> _Information supplied_:
####################
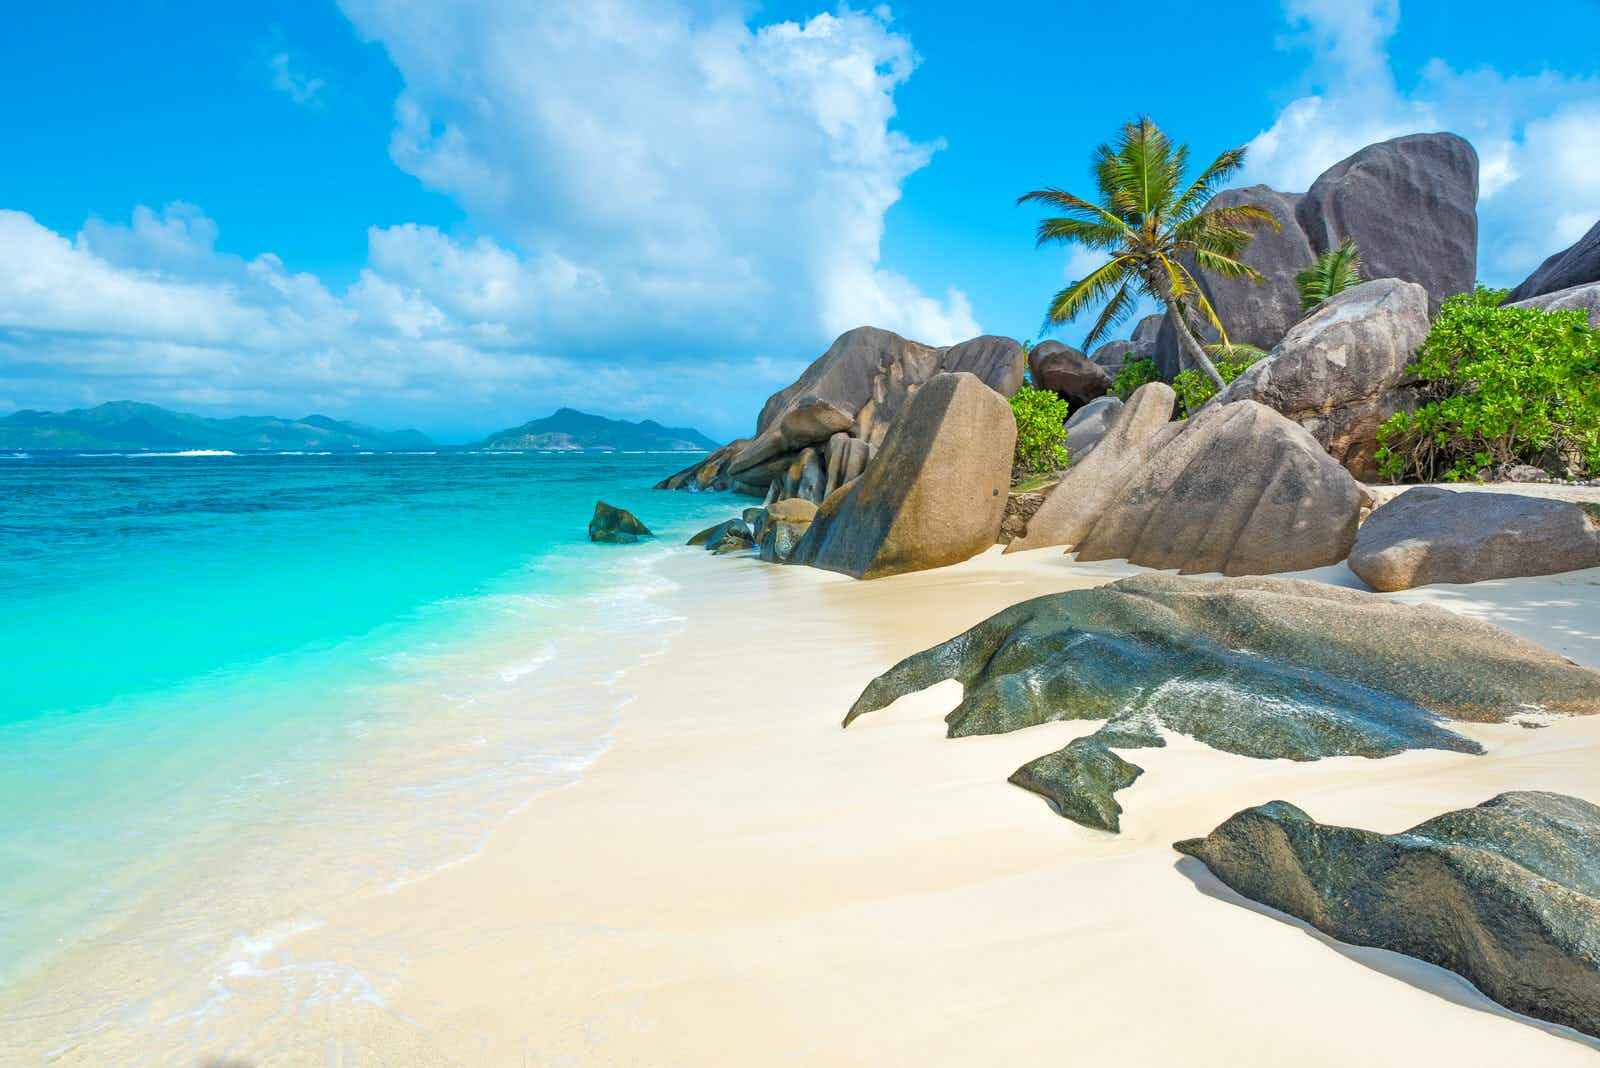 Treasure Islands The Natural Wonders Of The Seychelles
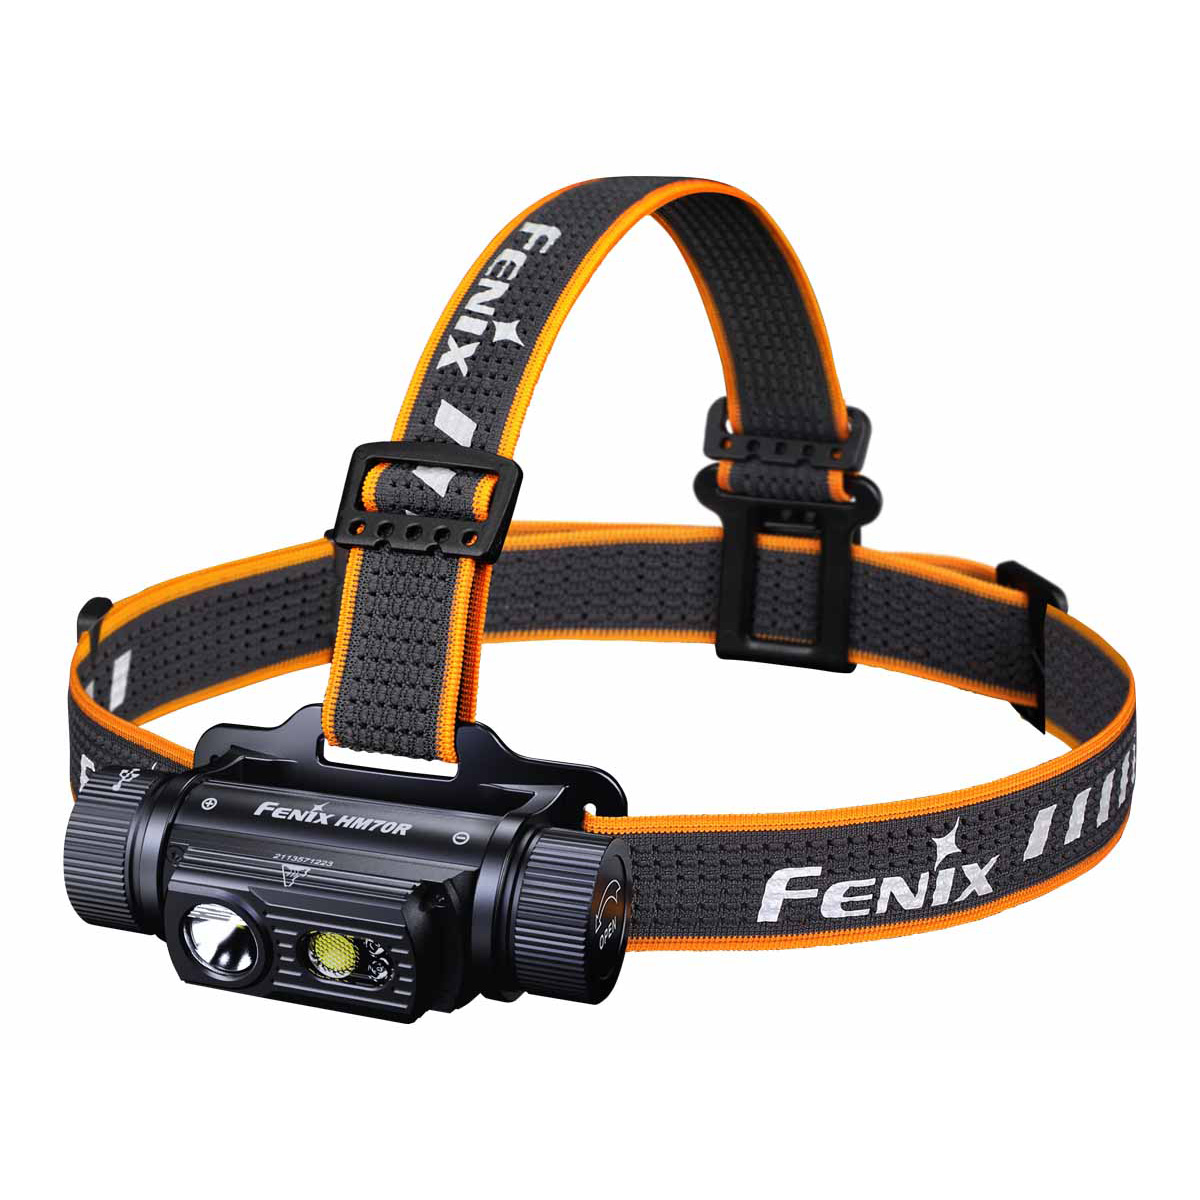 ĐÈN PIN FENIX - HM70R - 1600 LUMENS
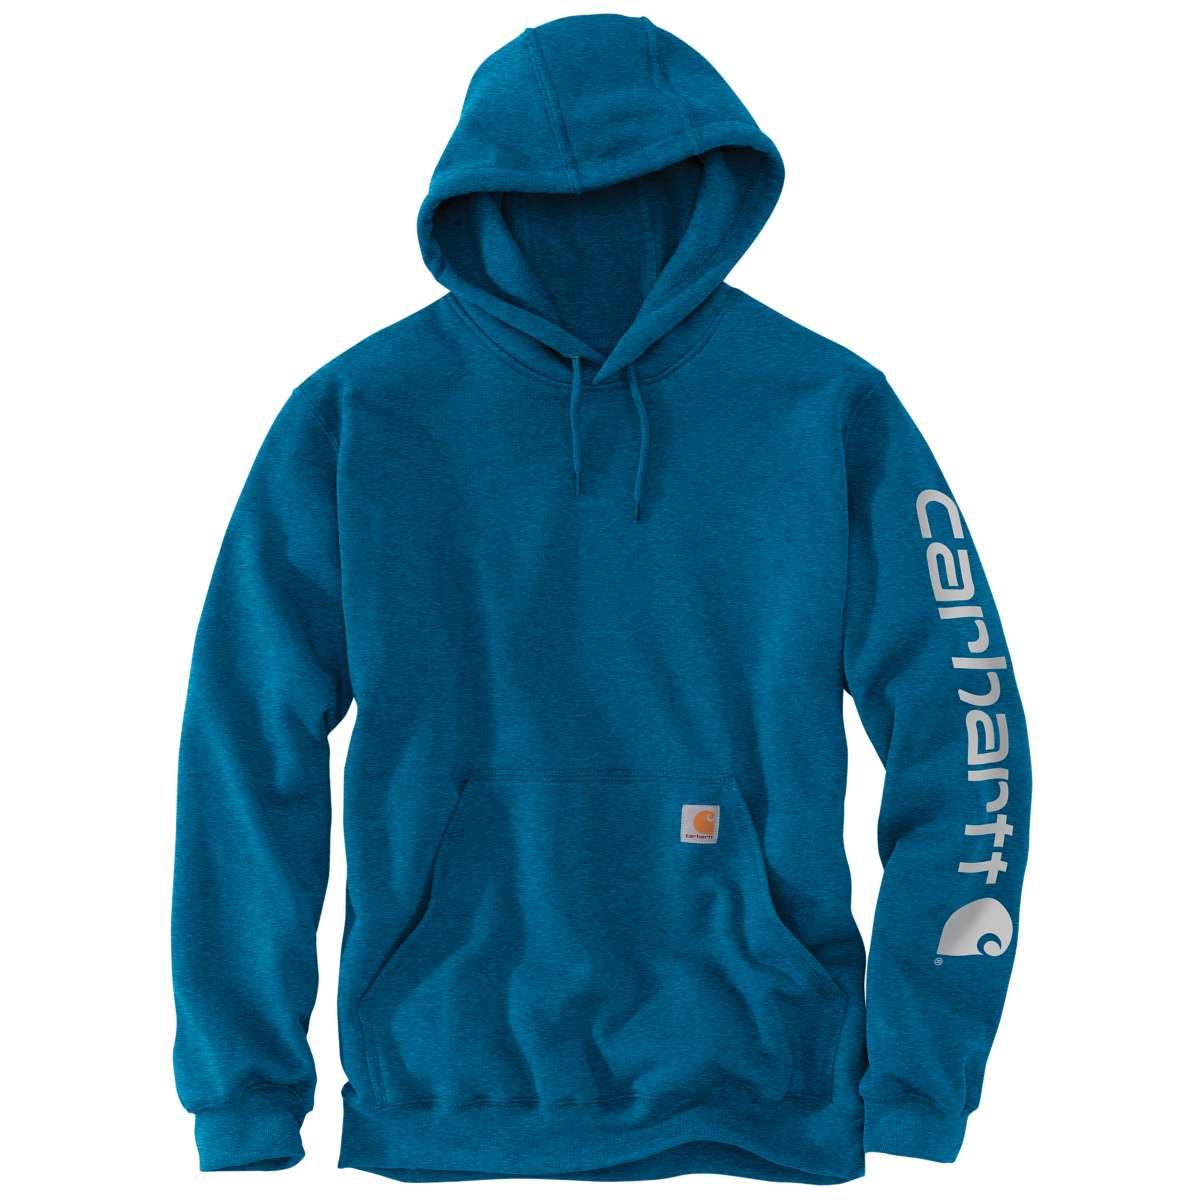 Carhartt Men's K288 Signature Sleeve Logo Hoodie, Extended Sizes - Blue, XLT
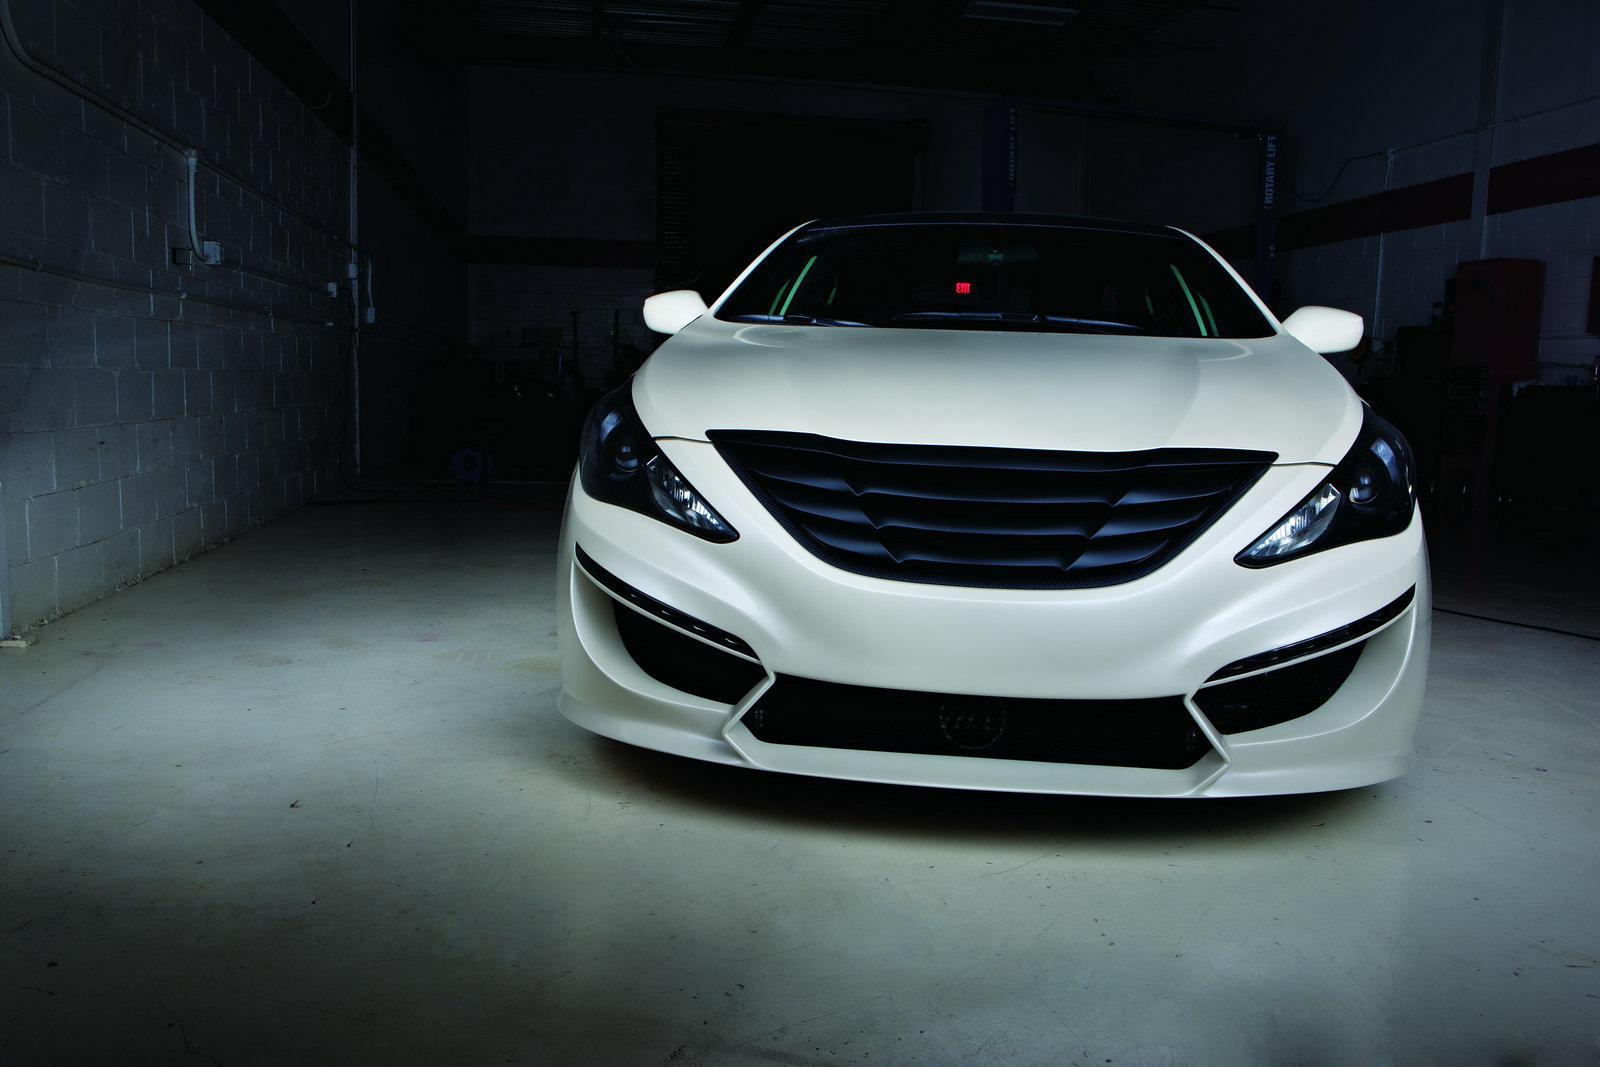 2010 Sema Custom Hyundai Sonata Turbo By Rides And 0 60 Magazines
####################
> _Exercise prompt_:
The result should be the same data as above, line for line, with the pictures gone.

> _Result of the exercise_:
 Treasure Islands The Natural Wonders Of The Seychelles
 ĐÈN PIN FENIX - HM70R - 1600 LUMENS
 Carhartt Men's K288 Signature Sleeve Logo Hoodie, Extended Sizes - Blue, XLT
 2010 Sema Custom Hyundai Sonata Turbo By Rides And 0 60 Magazines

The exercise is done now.